We have not studied previously the efficacy of CRCL in the human system. Preclinical studies, particularly using human peripheral blood mononuclear cells (PBMC), are needed to explore the feasibility of CRCL for immunotherapy in human cancers. This is necessary for advancing CRCL-based vaccines in phase I clinical trials. Therefore, the aim of this study was to investigate whether ovarian cancer-derived CRCL can be used to activate human T cells and elicit a cell-mediated immune response. Specific cytolytic T lymphocytes (CTL) were generated from all human leucocyte antigen (HLA)-A2+ healthy individuals, but only from one ovarian cancer patient following stimulation with autologous CRCL-pulsed dendritic cells (DC). These HLA-A2-specific CTL were able to lyse original ovarian tumour cells but not irrelevant tumour cells in a major histocompatibility complex (MHC) class I-restricted manner. Additionally, we were able to generate tumour-specific CTL against HER2/neu and Wilm's tumour gene 1 (WT1) antigen, indicating that CRCL can chaperone multiple peptides. This correlated with the higher immunostimulatory capacity of CRCL-pulsed DC and secretion of interferon (IFN)-γ by the tumour-specific CTL.
Materials and methods
Ovarian tumour cells SKOV3 (HLA-A2–) and SKOV3-A2 (HLA-A2+)  were kindly provided by Dr Mary L. Disis (University of Washington). SKOV3 cells were cultured in complete RPMI-1640 medium (Cellgro, Herdon, VA, USA) supplemented with 10% heat-inactivated fetal bovine serum (FBS) (Omega Scientific, Tarzana, CA, USA), 1000 U/ml penicillin–streptomycin and 2 mM of l-glutamine. SKOV3-A2 was cultured in complete RPMI-1640 in the presence of G-418 selection medium (500 μg/ml G-418 (Invitrogen, Rockville, MD, USA). T2 cells (CRL-1992; American Type Culture Collection, Manassas, VA, USA) were used as an antigen-presenting cell line for 51Cr release assays. T2 cells, K562 [natural killer (NK)-sensitive chronic myelogenous leukaemia cell line], K562-A2 (HLA-A2+) cells kindly provided by Dr Lonnnie P. Lybarger (University of Arizona) were cultured in complete RPMI-1640 medium.
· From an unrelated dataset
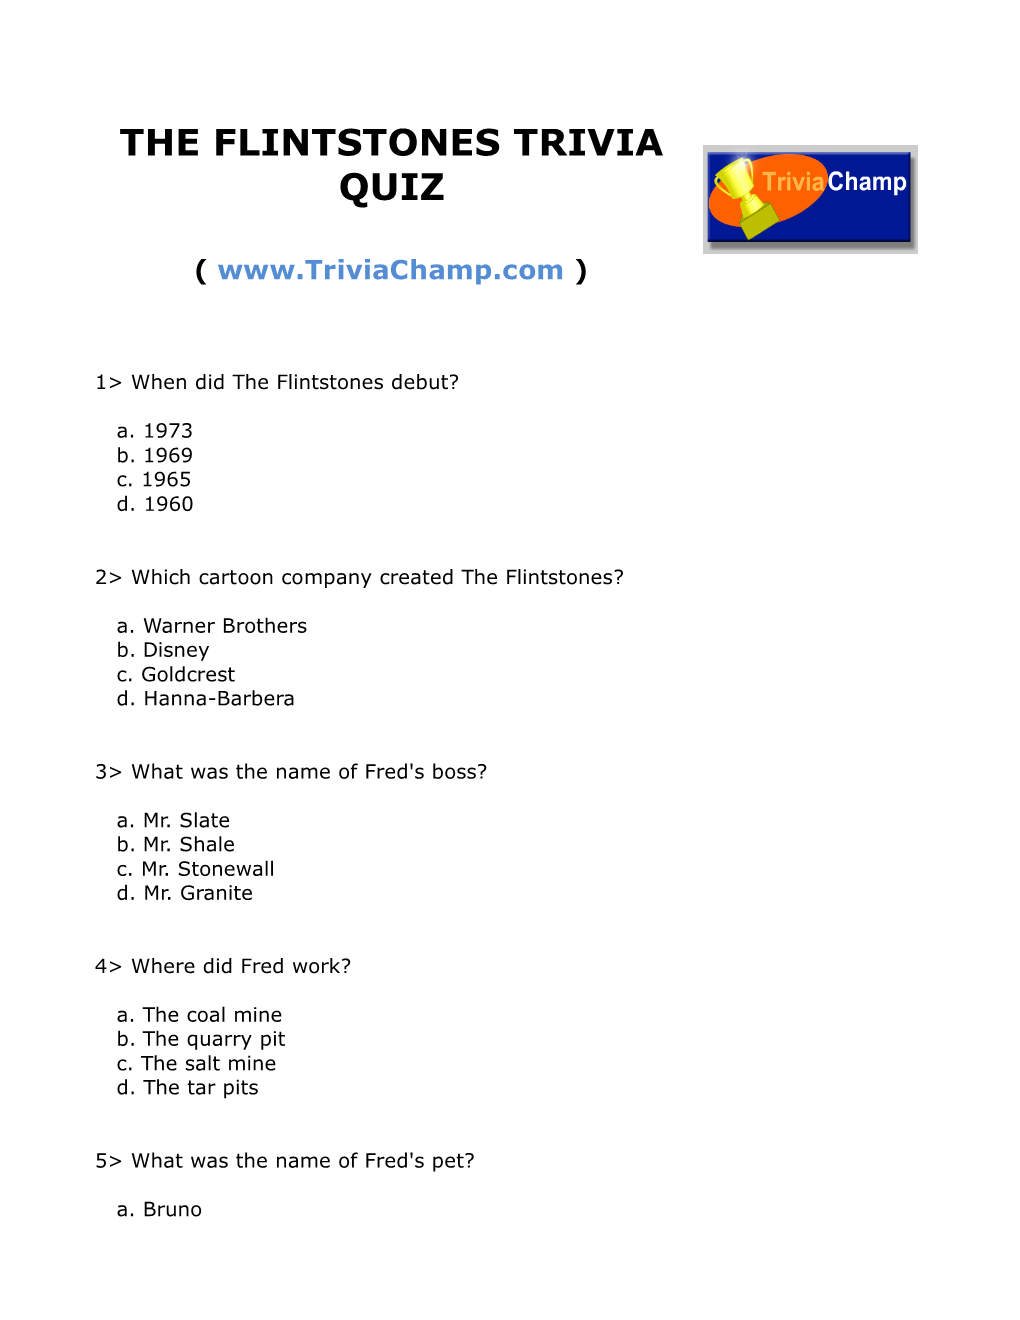 The Flintstones Trivia Quiz

Generation of ovarian tumour-derived CRCL
Human ovarian tumour tissues were collected from chemotherapy naive patients undergoing cytoreductive surgery for metastatic ovarian cancer. All patients signed an Institutional Review Board-approved consent form prior to surgery for procurement of tumour samples for research purposes. SKOV3-A2 cells were also harvested as another source of CRCL. FS-IEF enrichment of CRCL was performed as described previously [11,20]. Briefly, tumours were homogenized in lysis buffer and a 100 000 g supernatant was obtained and quantified by bicinchoninic acid (BCA) protein assay (Pierce Endogen, Rockford, IL, USA). The high-speed supernatant was subjected to FS-IEF in a Bio-Rad Rotofor cell (Hercules, CA, USA) for 5 h at 15 W constant power. Twenty fractions were harvested, and each fraction was analysed by sodium dodecyl sulphate–polyacrylamide gel electrophoresis (SDS-PAGE) and Western blot probing with specific antibodies for the chaperone proteins HSP70, HSP90, GRP94/gp96 and calreticulin. Fractions selected to be pooled for vaccines were those that contained all four of the above HSPs. Pooled fractions were then concentrated using Centricon devices (Millipore, Bedford, MA, USA). Detergents were removed by passage over an Extractigel matrix (Pierce Endogen). The fractions were reconstituted in phosphate-buffered saline (PBS), quantified and stored at − 70°C until use. Endotoxin level of the CRCL is lower than 0·01 endotoxic units (EU)/µg of CRCL as examined by Limulus amebocyte lysate assay (QCL-1000; BioWhittaker, Walkersville, MD, USA).
Generation of DC
Human leukopheresis was obtained from HLA-A2+ healthy donors or from ovarian patients after undergoing cytoreductive surgery and prior to receiving chemotherapy, according to the guidelines set forth by the Human Subjects Committee at the University of Arizona. All patients and healthy donors signed an Institutional Review Board-approved consent prior to leukopheresis. PBMC were purified using standard white blood cell separation by density centrifugation with Ficoll-Hypaque Plus (Amersham Pharmacia Biotech, Piscataway, NJ, USA). Aliquots of PBMC were cryopreserved in liquid nitrogen until use. DC were generated from PBMC by a modification of the methods described by Romani et al. . In brief, PBMC were cultured in T75 flasks in 10 ml of medium (AIM-V; Gibco brl, Carlsbad, CA, USA) and were allowed to adhere for 2 h at 37°C in 5% CO2. To remove the non-adherent PBMC fraction, flasks were washed several times with PBS. X-Vivo 15 (BioWhittaker, Walkersville, MD, USA) supplemented with 1000 IU/ml of granulocyte–macrophage colony-stimulating factor (GM–CSF; Berlex, Wayne, NJ, USA) and 1000 IU/ml of IL-4 (Peprotech, Rocky Hill, NJ, USA) was added to adherent PBMC and the culture was continued for 5–6 days.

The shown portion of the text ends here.